On Sunday, June 5, 2005, at 02:49 PM, George Sakkis wrote:

> David Pratt wrote:
>> Hi.  I am creating methods for form validation. Each validator has its
>> own method and there quite a number of these.  For each field, I want
>> to evaluate errors using one or more  validators so I want to execute
>> the appropriate validator methods from those available.  I am 
>> iterating
>> over each validator using validateField method to gather my results. 
>> It
>> works but it ugly and inefficient.  Can someone advise whether there 
>> is
>> a better way of doing this.  I realize that the validator variable in
>> my iteration is only a string so question is how can I make the
>> validator string reference a function so I may be able to shorten
>> validateField to something similar to this (instead of my long list of
>> ifs which I am not very happy with):
>>
>> 	for validator in validators_list:
>> 		result = validator(name, value)
>> 		if type (result) in StringTypes:
>> 		results[name] = result
>>
>> Many thanks
>> David
>>
>> My current situation below:
>>
>> # A large list of validators
>> def isDecimal(name, value):
>> 	""" Test whether numeric value is a decimal """
>> 	result = validateRegex(name,
>> 		value,
>> 		r'^([+-]?)(?=\d|\.\d)\d*(\.\d*)?([Ee]([+-]?\d+))?$',
>> 		errmsg='is not a decimal number.',
>> 		ignore=None)
>> 	return result
>>
>> def isZipCode(name, value):
>> 	""" Tests if field value is a US Zip Code """
>> 	result = validateRegex(name,
>> 		value,
>> 		r'^(\d{5}|\d{9})$',
>> 		errmsg='is not a valid zip code.',
>> 		ignore=None)
>> 	return result
>>
>> ... more validators
>>
>> # Iterating over validators to gather field errors
>> def validateField(name, value, validators_list, range=None,
>> valid_values=None):
>> 	""" Validates field input """
>> 	results={}
>> 	for validator in validators_list:
>> 		if validator == 'isContainedIn':
>> 			result = isContainedIn(name, value)

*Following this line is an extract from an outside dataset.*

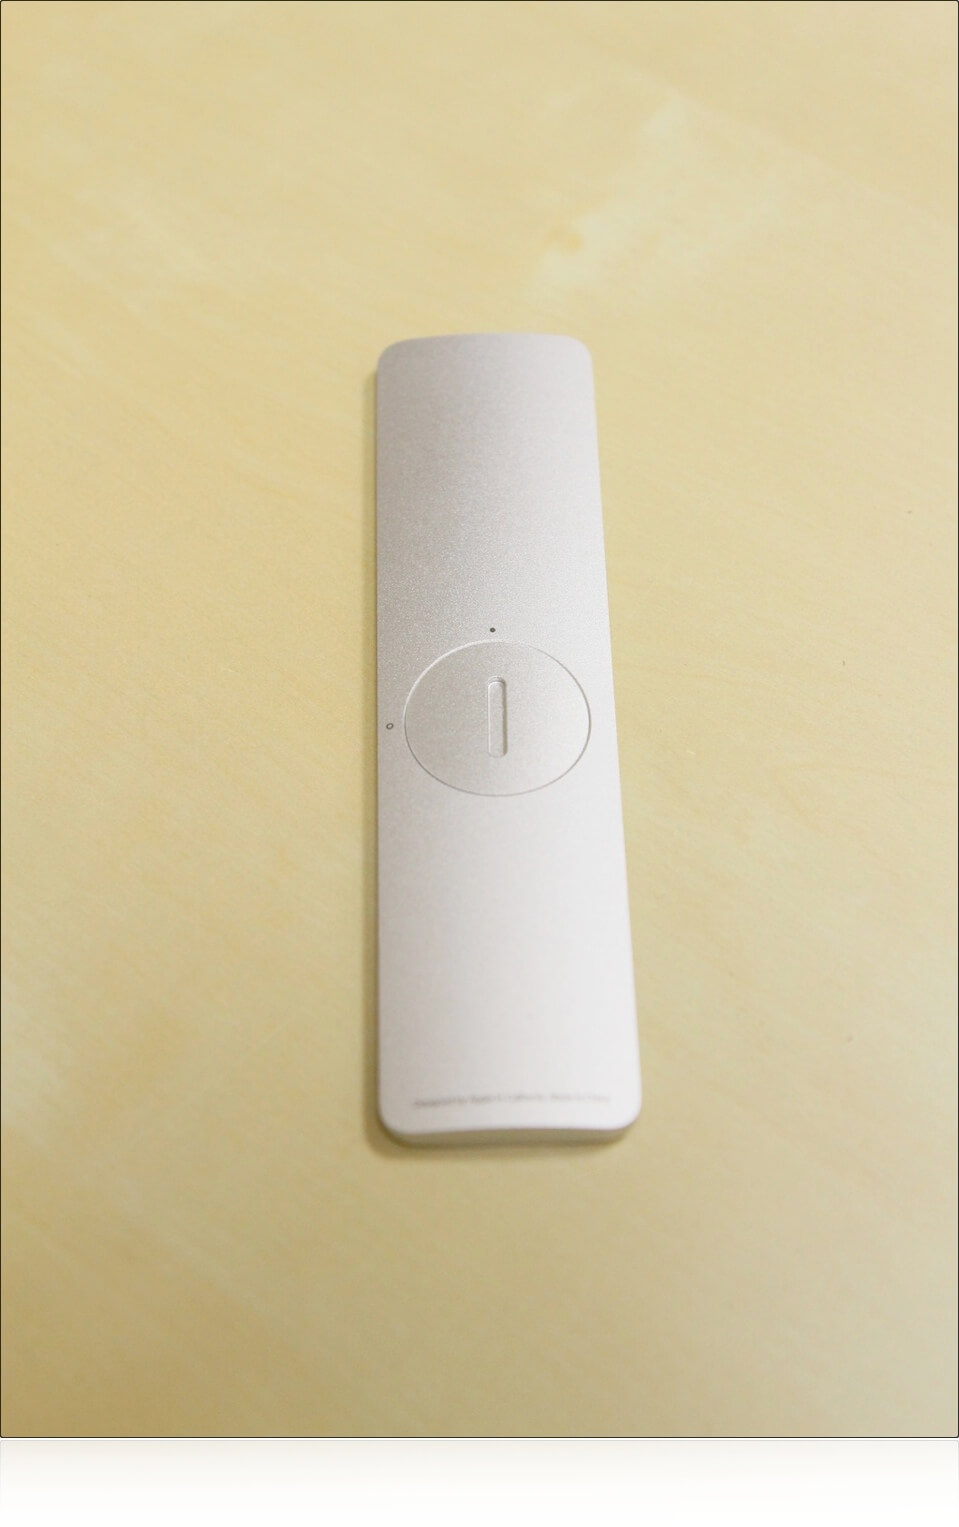 Практика использования Apple Remote. Фото.

>> 			if type (result) in StringTypes:
>> 				more...
>> 		if validator == 'isDate':
>> 			result = isDate(name, value)
>> 			if type (result) in StringTypes:
>> 				more...
>> 		if validator == 'isDecimal':
>> 			result = isDecimal(name, value)
>> 			if type (result) in StringTypes:
>> 				more...
>>
>>                   more validators ...
>
>
> That's a typical case for using an OO approach; just make a class for
> each validator and have a single polymorphic validate method (I would
> make validators __call__able instead of naming the method 'validate'):
>
> # Abstract Validator class; not strictly necessary but good for
> documentation
> class Validator(object):
>     def __call__(self,field,value):
>         '''Validate a value for this field.
>         Return a string representation of value on success, or None on
> failure.
>         '''
>         raise NotImplementedError("Abstract method")
>
>
> class DecimalValidator(Validator):
>     def __call__(self,name,value):
>         '''Test whether numeric value is a decimal.'''
>
> class ZipCodeValidator(Validator):
>     def __call__(self,name,value):
>         '''Test if value is a US Zip Code.'''
>
>
> def validateField(name, value, validators):
>     """ Validates field input """
>     results = {}
>     for validate in validators:
>         result = validate(name,value)
>         if result is not None:
>             results[name] = result
>             # XXX: if more than one validators succeed,
>             # all but the last result will be overwritten
>     return results
>
> # test
> validators = [DecimalValidator(), ZipCodeValidator()]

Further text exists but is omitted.